Friday, March 11, 2011
a nice little surprise/virginia woolf touched my book
Libraries are truly one of life's quiet luxuries. As much as I complained about my local library taking back all my books, I always knew that WPL would do its best to get any book that I needed and it did get every book I asked for. It was all, of course, free and the staff there hardly complained when I kept some books after the due date. Those are tax dollars well spent.
Recently, I wanted to get Theodora Bosanquet's "Henry James at Work" because it seems to be unusual in actually describing a writer's process of writing-- like what typewriter he liked to dictate to, his drafting process etc-- which, in my limited experience, literary study is not very interested in as it doesn't see this information as particularly valuable. Possibly not valuable, but fascinating and fun? Yes.
I expected to get this version from the library and so was surprised to find that some librarian in Minneapolis had dug up this odd looking little book from the minitex stash:
I know it is mutilated, but do they know what this is?
According to the University of Delaware, it is "the only book from any of the Hogarth series to be handprinted by the Woolfs."
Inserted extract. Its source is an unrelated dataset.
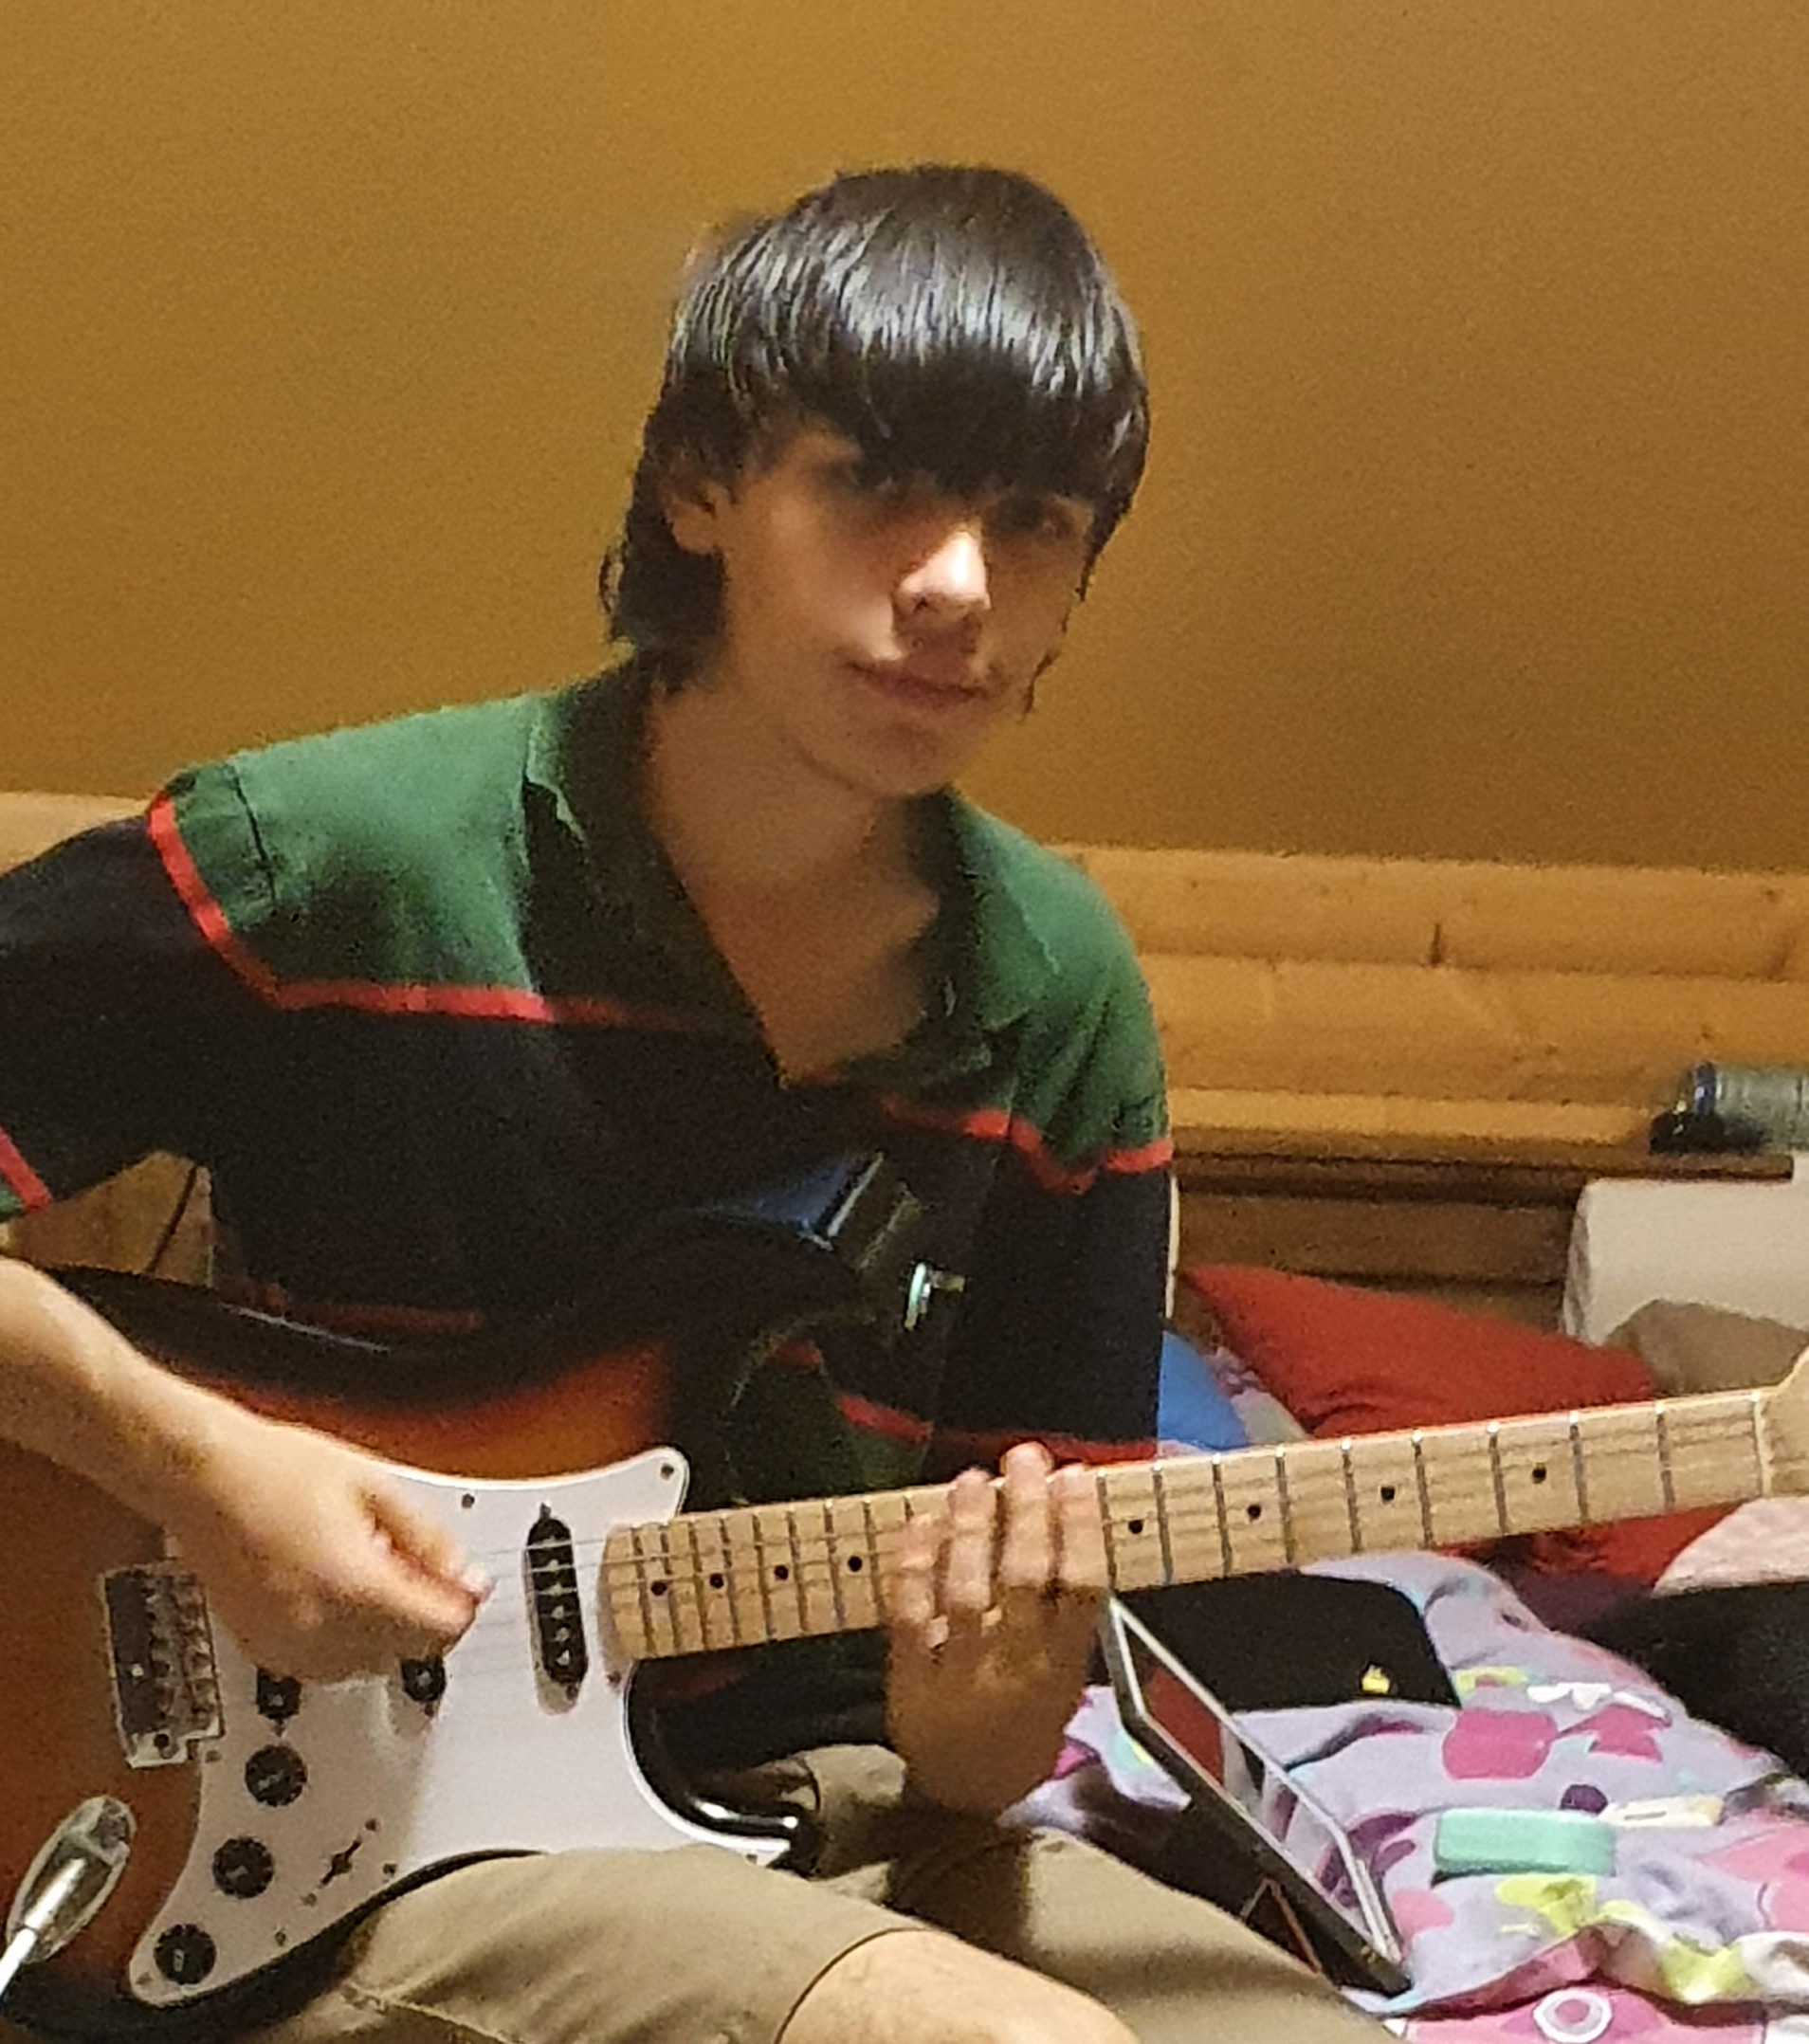 alias chlapec,ktorý kradne stále gitary (basák)

My first reaction: coooool.
My second reaction: wondering whether anyone at the Hennepin County Library would notice if it never came back...Bad! Bad! I know. I'll be returning it natch because I don't have the deadened conscious to enjoy a stolen book, and someone else may get this little surprise in the future, but still. This post will have to do.
(This should give you some idea of the cultural void I live in where even a tiny literary artifact can keep me excited for days.)